Harvee

Philipp’s Playground in the Cloud

19 Apr 2020

Corona, Azure, New Architecture for 2020

Harvee Architecture

2020 started with a lot of time to be spent at home due to the ongoing Corona crisis. I decided to make use of the time and started a project to re-architect Harvee. Having to manage the servers I had provisioned did not feel to be appropriate anymore given the complexity (or rather simplicity) of the application. Also I was thinking about how to further bring down costs. I finally decided to make Harvee as serverless as possible and since I was dealing a lot with Azure for work I decided to explore what Azure had to offer here.
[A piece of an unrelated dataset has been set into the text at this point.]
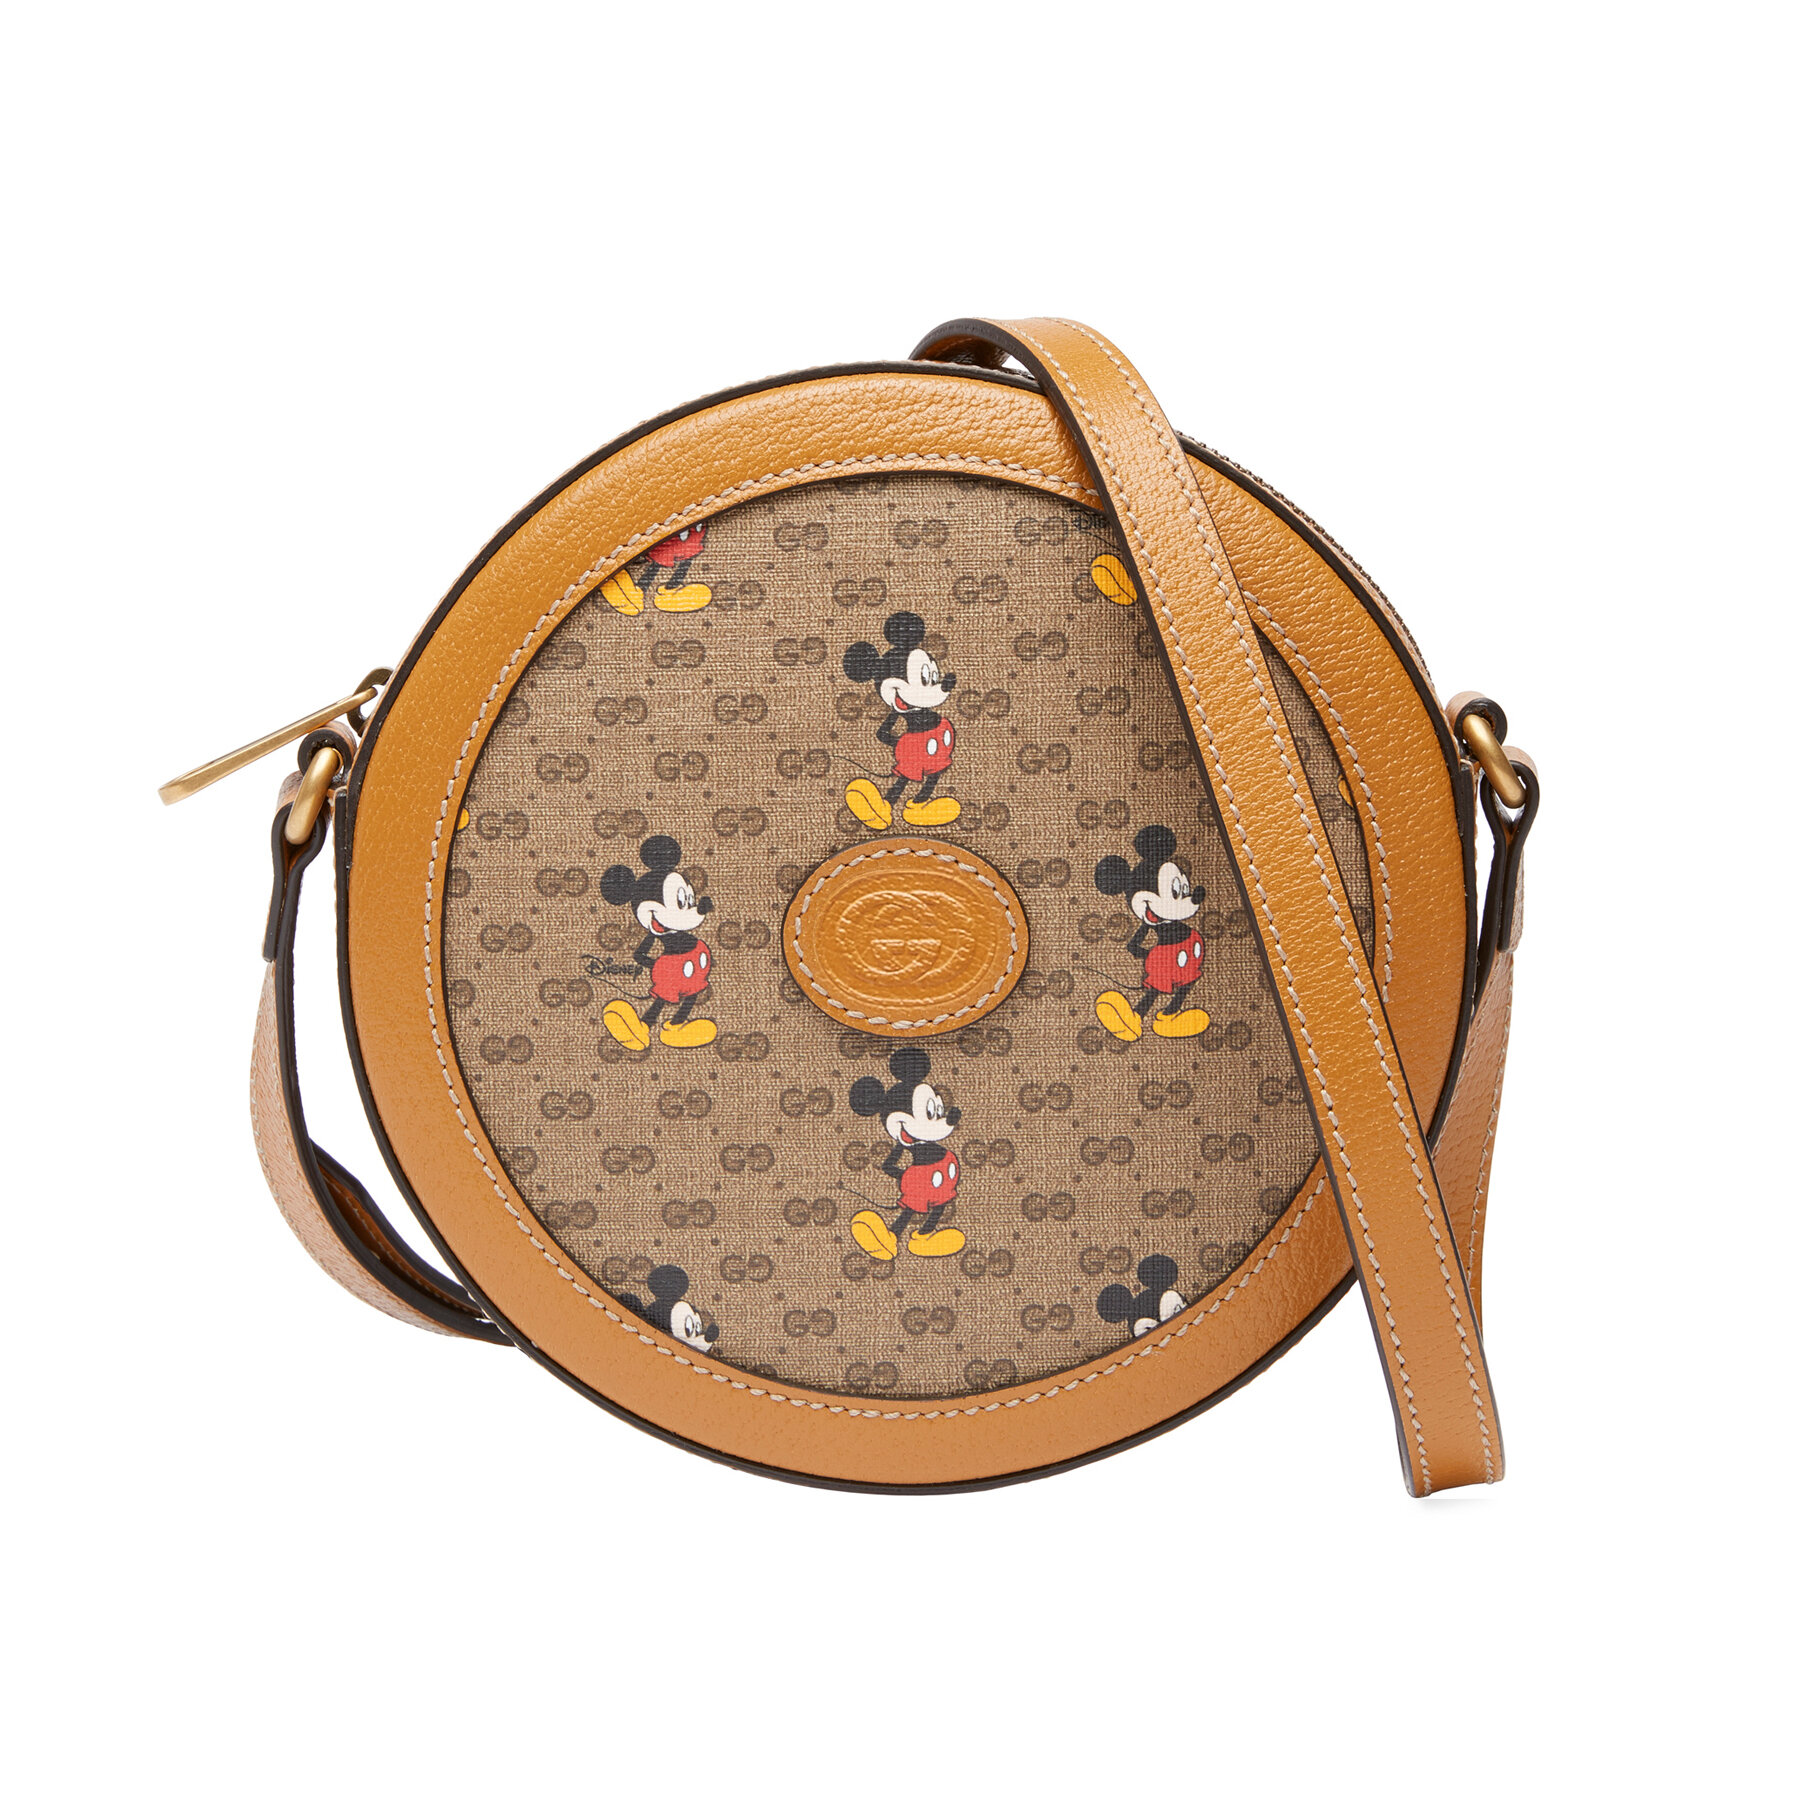 The Gucci x Disney Line Celebrates The Year Of The Mouse With The Studio's  Icon
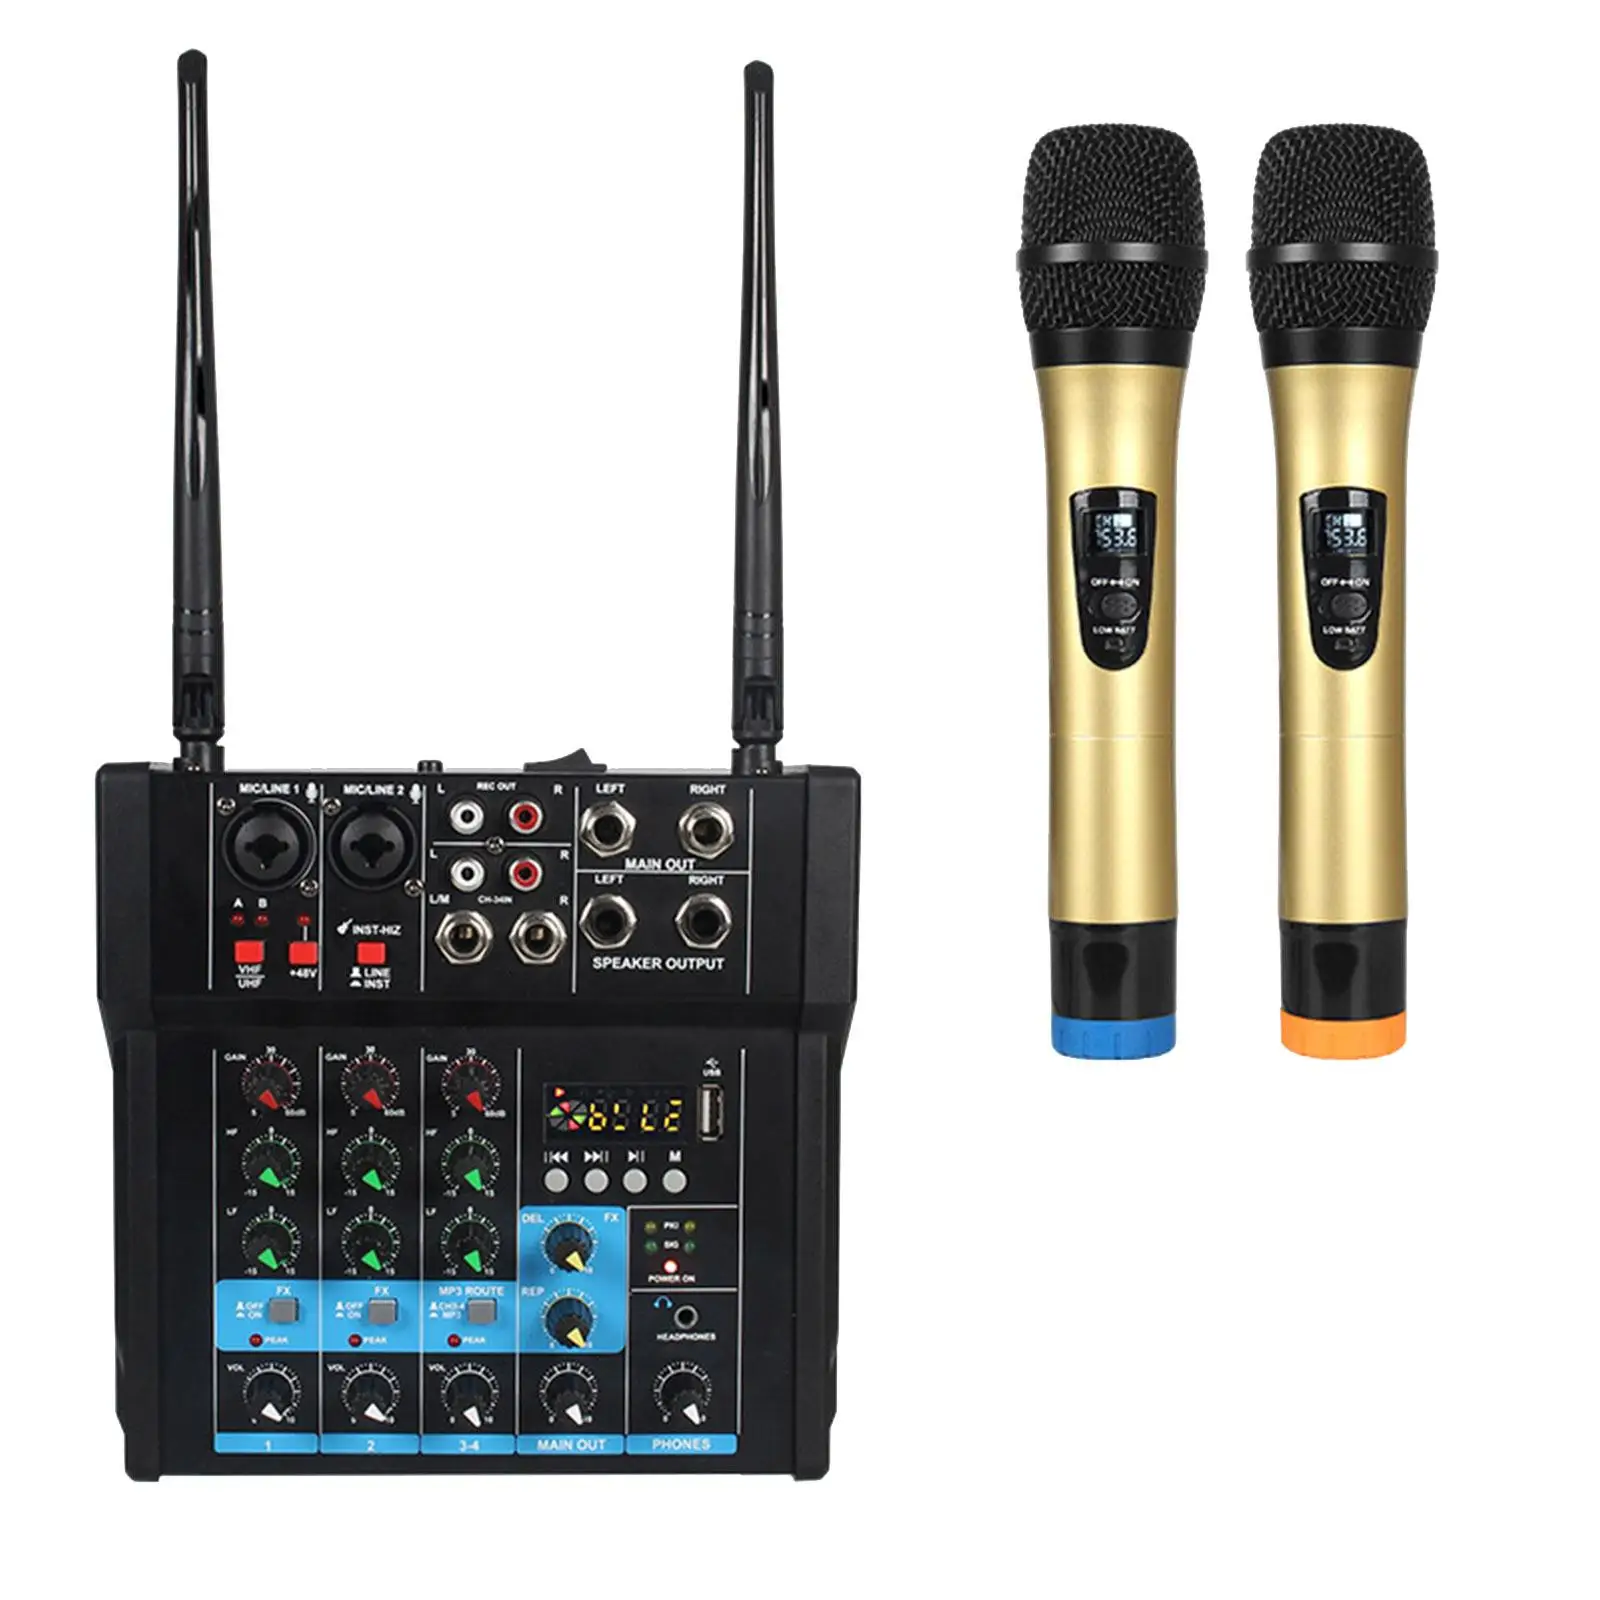 Audio Mixer Amplifier with Dual Wireless Mic 4 Channel Portable Sound Mixer for DJ Mixing Karaoke Recording Live Streaming

I did not change the frontend really (although upgrading the Angular version was more like a rewrite than an upgrade). Also after having dealt briefly with Azure CDN I decided to stick with Amazon’s S3 and Cloudfront for serving the frontend. The parts behind the frontend changed quite drastically however.

In an attempt to get rid of all the self-hosted webservices which I had written primarily in Python I settled for Azure Functions. At first I tried to write functions again using Python but it felt that Python was not a first class citizen in Azure Functions. I therefore changed my programming language of choice to Typescript. Without going into too much detail I do have to mention however that Azure distinguishes between different models of how functions can be served (application plans). In its simplest and cheapest form the functions are only coming to life when requests are being made. This is also often being referred to as cold starts and as you might have seen Harvee is now experiencing this behaviour quite a bit. I won’t change this at the moment though because of additional costs which I would have to face with a different application plan.

I have to admit that I used to be very proud of the data layer I built for the initial version of Harvee. With Kafka, Apache Flink, ElasticSearch, Neo4J and PostgreSQL it felt like I was using the right tools. In the end though to run them turned out to be quite expensive. In order to not having to manage any data sinks I choose Azure Storage with its Azure Queue Storage and Azure Table Storage functionality to process and store the event data. Again I used Azure Functions to capture and move the data.

Looking at (some would call them DevOps) tooling I first got rid of most of my monitoring tools in order to use what comes with the Cloud providers. For Azure Functions this means to also enable Azure Application Insights. With its very neat integration into Visual Studio Code one can actually do a lot of testing for the functions locally before deploying them. Still being able to look into logfiles and exceptions in Application Insights proved to be very helpful. Based on a recommendation from a colleague at work I wanted to take a look at Pulumi in order to deal with Infrastructure as Code. I am very impressed with its feature set and similarily to all of my other components I can use Typescript for “programming” my infrastructure. There is one part I could not do with Pulumi however and that was issuing SSL certificates from Let’s Encrypt. This piece is being done with Terraform using the Let’s Encrypt/ACME provider.

Another focus area with this little project besides just changing technology was to introduce more security into my architecture. I was not happy at all how I dealt with certificates and secrets in the previous version of Harvee. I am happy to report that I improved this quite a lot with certificates and secrets being stored in Azure KeyVault and access policies set to be very strict in order for my functions to make use of them. Where not otherwise possible I am writing secrets to disks (mainly at development time) in an encrypted format.

All in all I am very happy with the new version of Harvee. It allowed me to learn a lot of new technologies. I will leave Harvee now most probably for a while and work on other projects (Kubernetes, IoT are on the list), which will be not really in the context of Harvee. I might stll report here on the progress.

Btw. as part of my serverless initiative I changed this blog into a serverless version of itself too. Previously I used Wordpress on a droplet hosted on Digitalocean. Now this entire website is done using Hugo and the results get (again) served by S3 and Cloudfront.